* Required work
When you reach the line with "Roster of Commanding" in the data below, begin printing lines exactly, and stop once the line with "pdf_sat-subject-tests-student-guide-page-001.jpg" has been printed.

* Supplied records

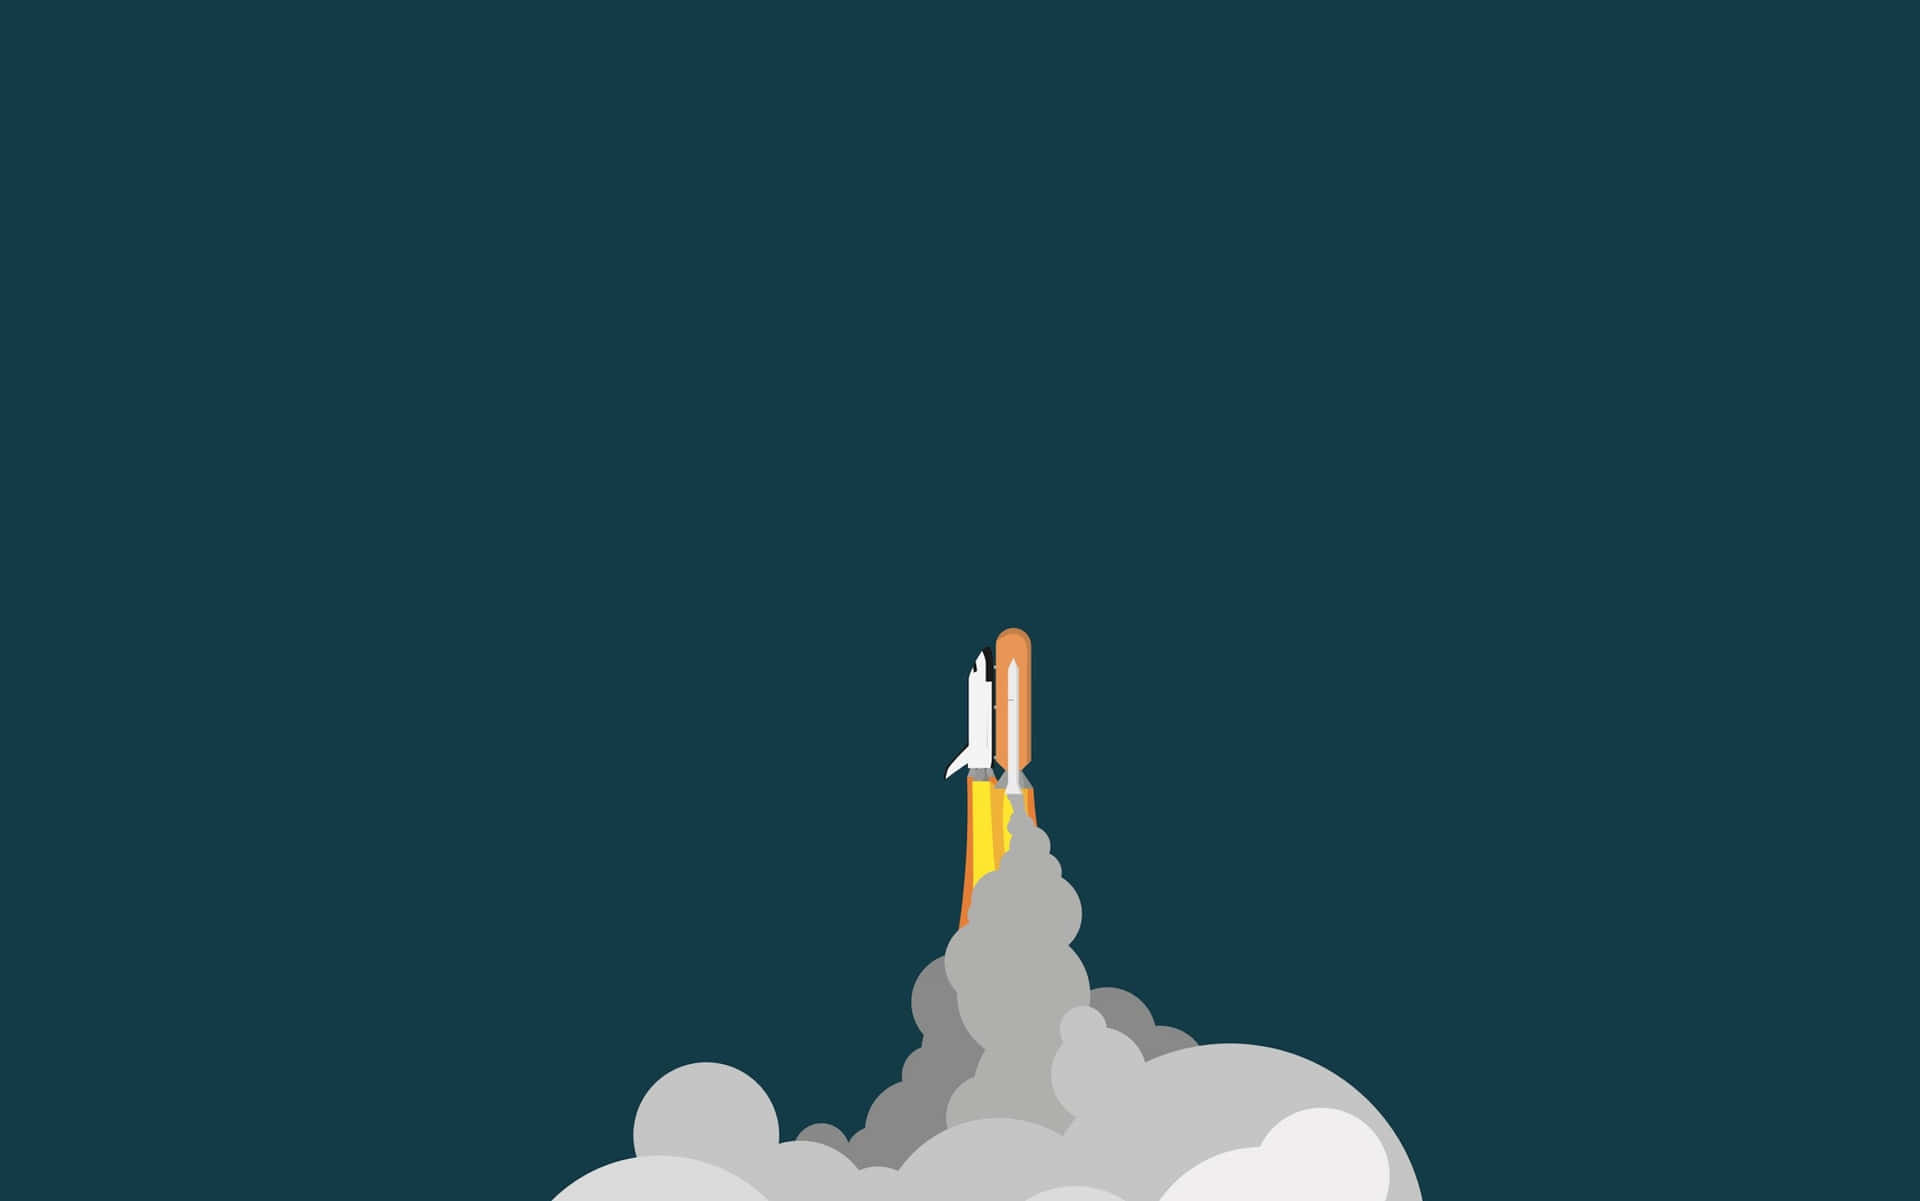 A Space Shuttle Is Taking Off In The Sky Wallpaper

--

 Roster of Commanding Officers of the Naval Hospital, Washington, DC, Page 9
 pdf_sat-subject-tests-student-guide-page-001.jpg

==

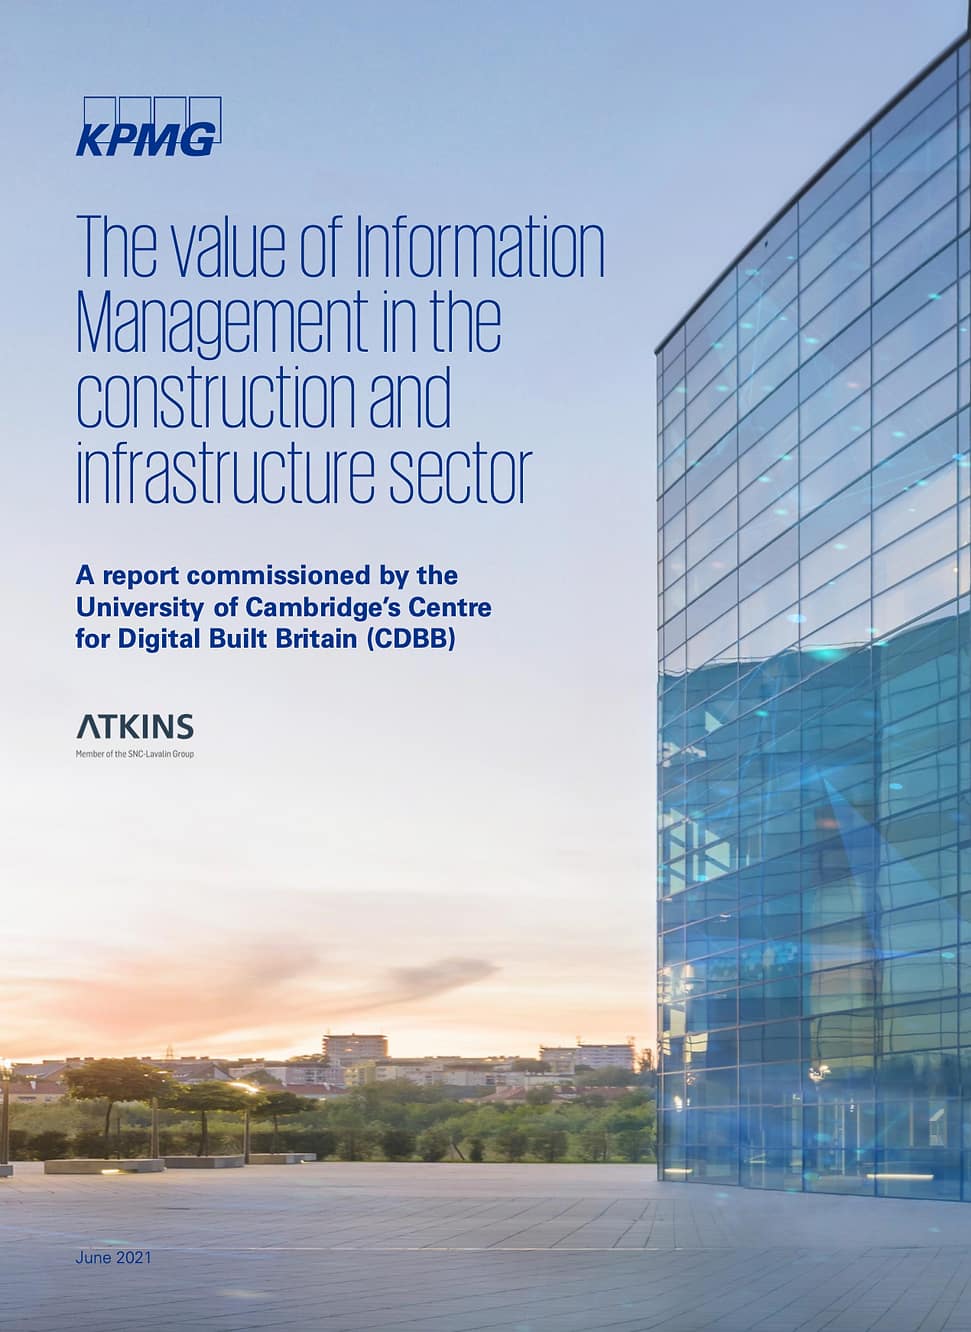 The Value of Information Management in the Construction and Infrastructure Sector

* Problem solution
 Roster of Commanding Officers of the Naval Hospital, Washington, DC, Page 9
 pdf_sat-subject-tests-student-guide-page-001.jpg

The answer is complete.